There’s no question that the continued one-sided coverage of obsolete ideas about the alleged limitations of DBTs, and unmitigated glorification of the inherently-flawed sighted procedures that the high end audio press still worships is an irritant to people with contemporary educations about science.

”Much of the writing in this forum by proponents of DBTs at some point mentions issue b or issue c (or both).
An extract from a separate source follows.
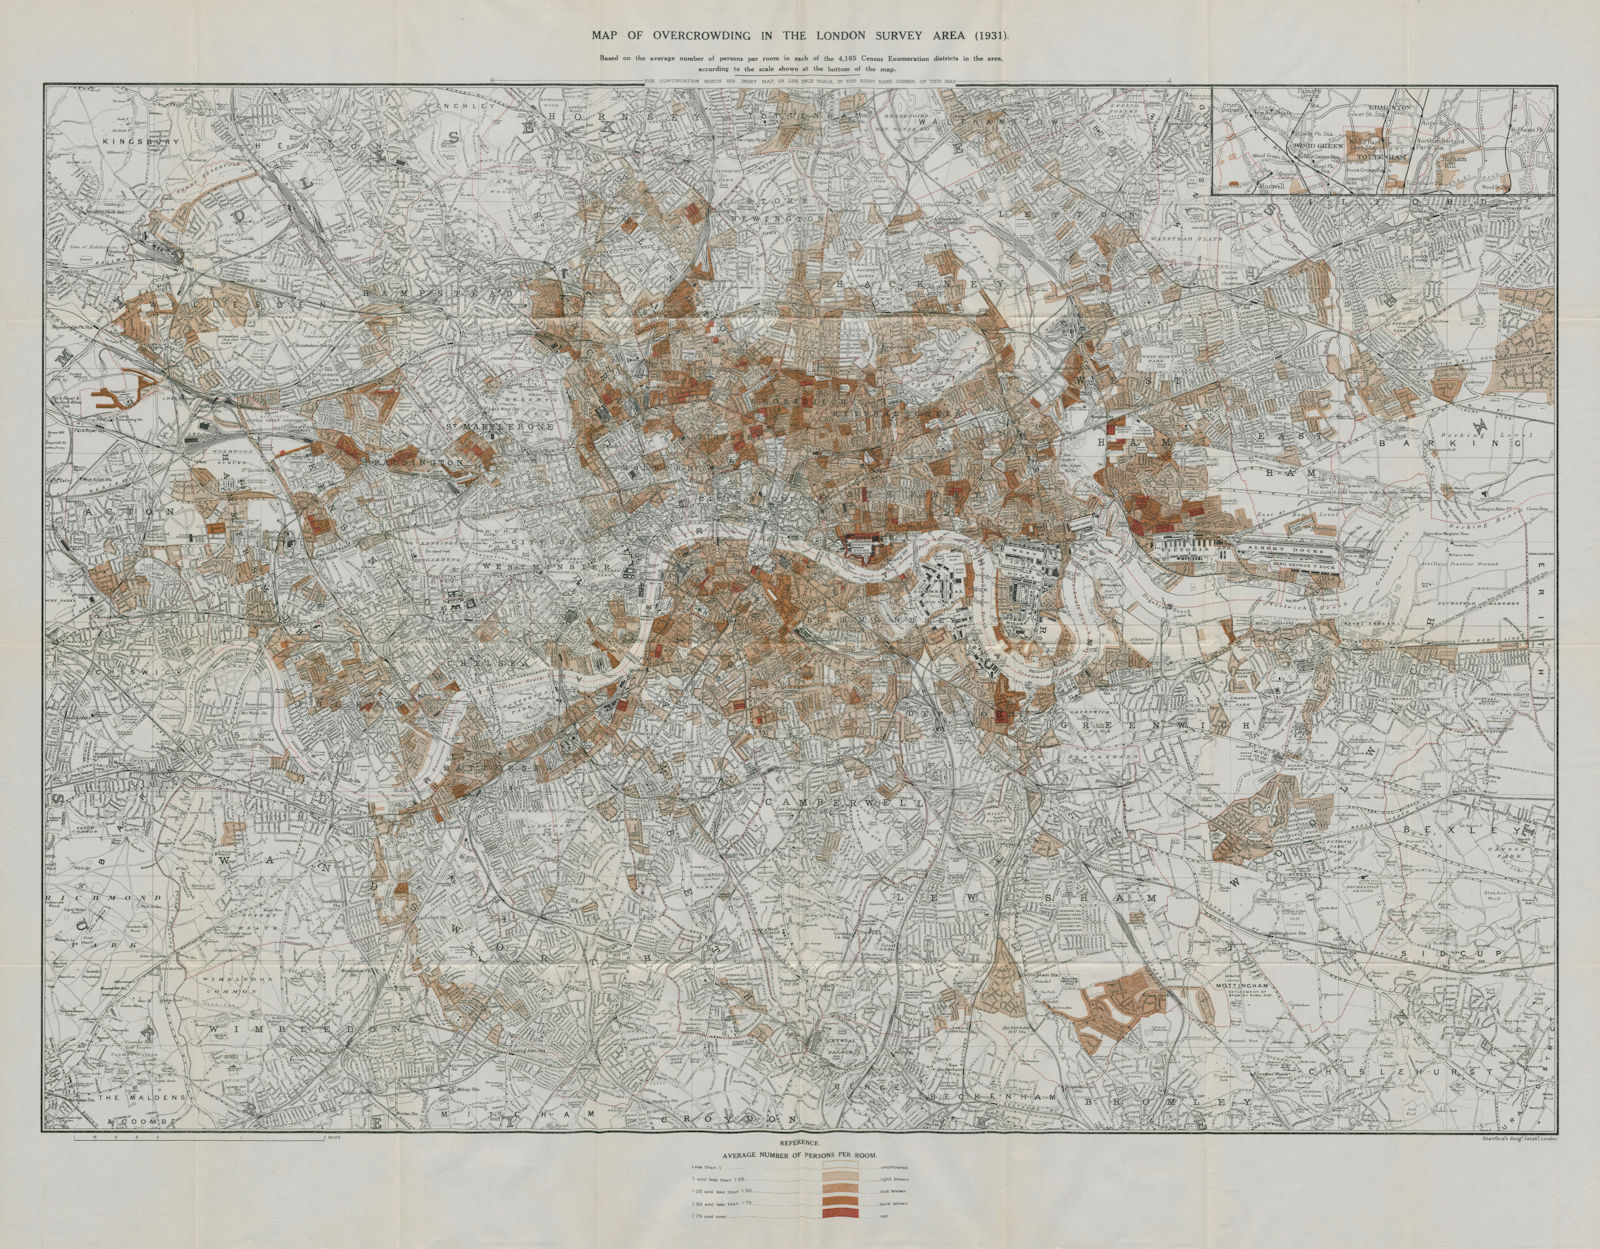 London Overcrowding. People per room. Charles Booth / LSE POVERTY MAP 1931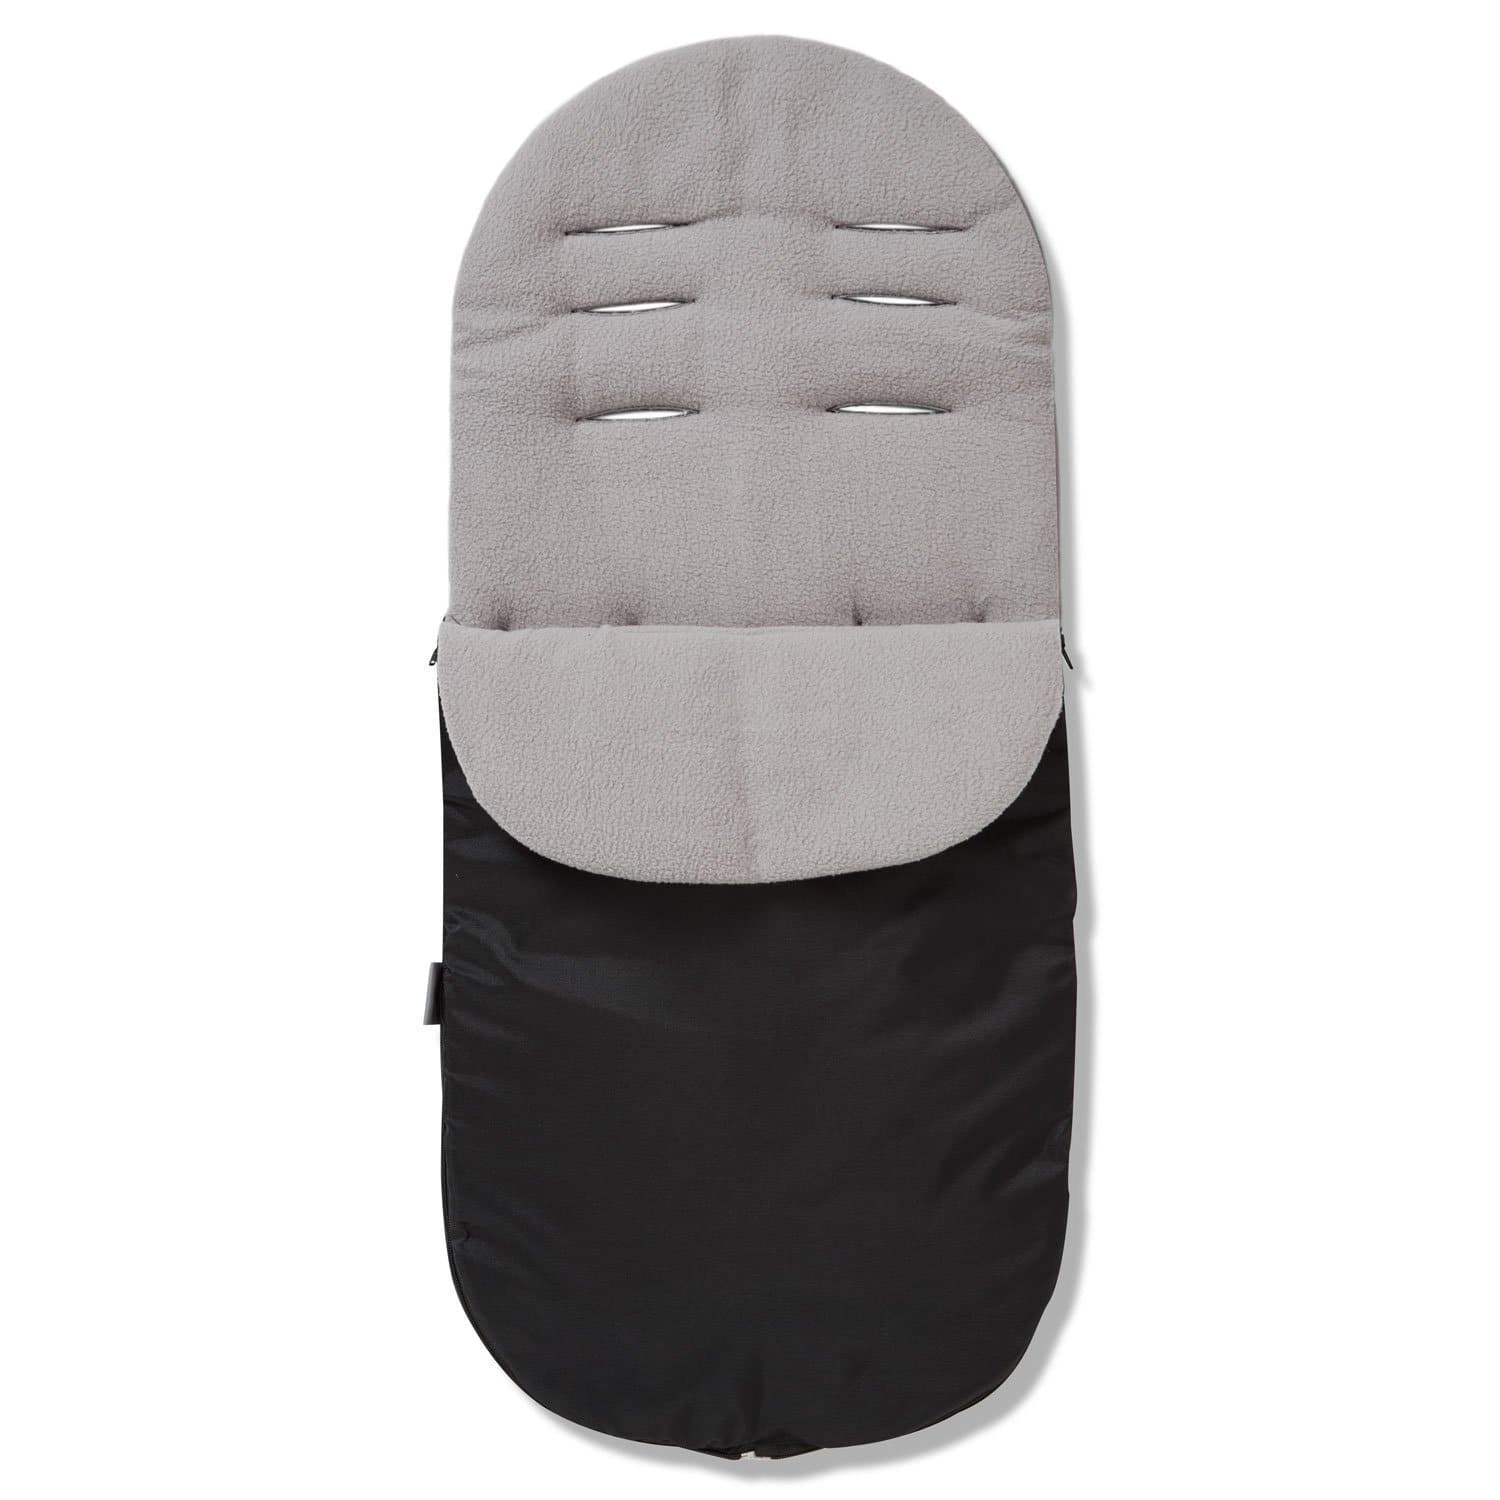 Footmuff / Cosy Toes Compatible with Little Shield - Grey / Fits All Models | For Your Little One

Since those issues seem to derive from an agenda re: expensive gear (though clearly if you read the posts, "expensive" is defined by the writer not by some external standard), our observation that there is a political agenda here is pretty logical (it is a hypothesis, but it is empirically inspired not random).”

I think it is time for high-end audio writers to realize that writing about class warfare from the perspective of “haves” living in luxury isn’t very politically correct in the 21st century.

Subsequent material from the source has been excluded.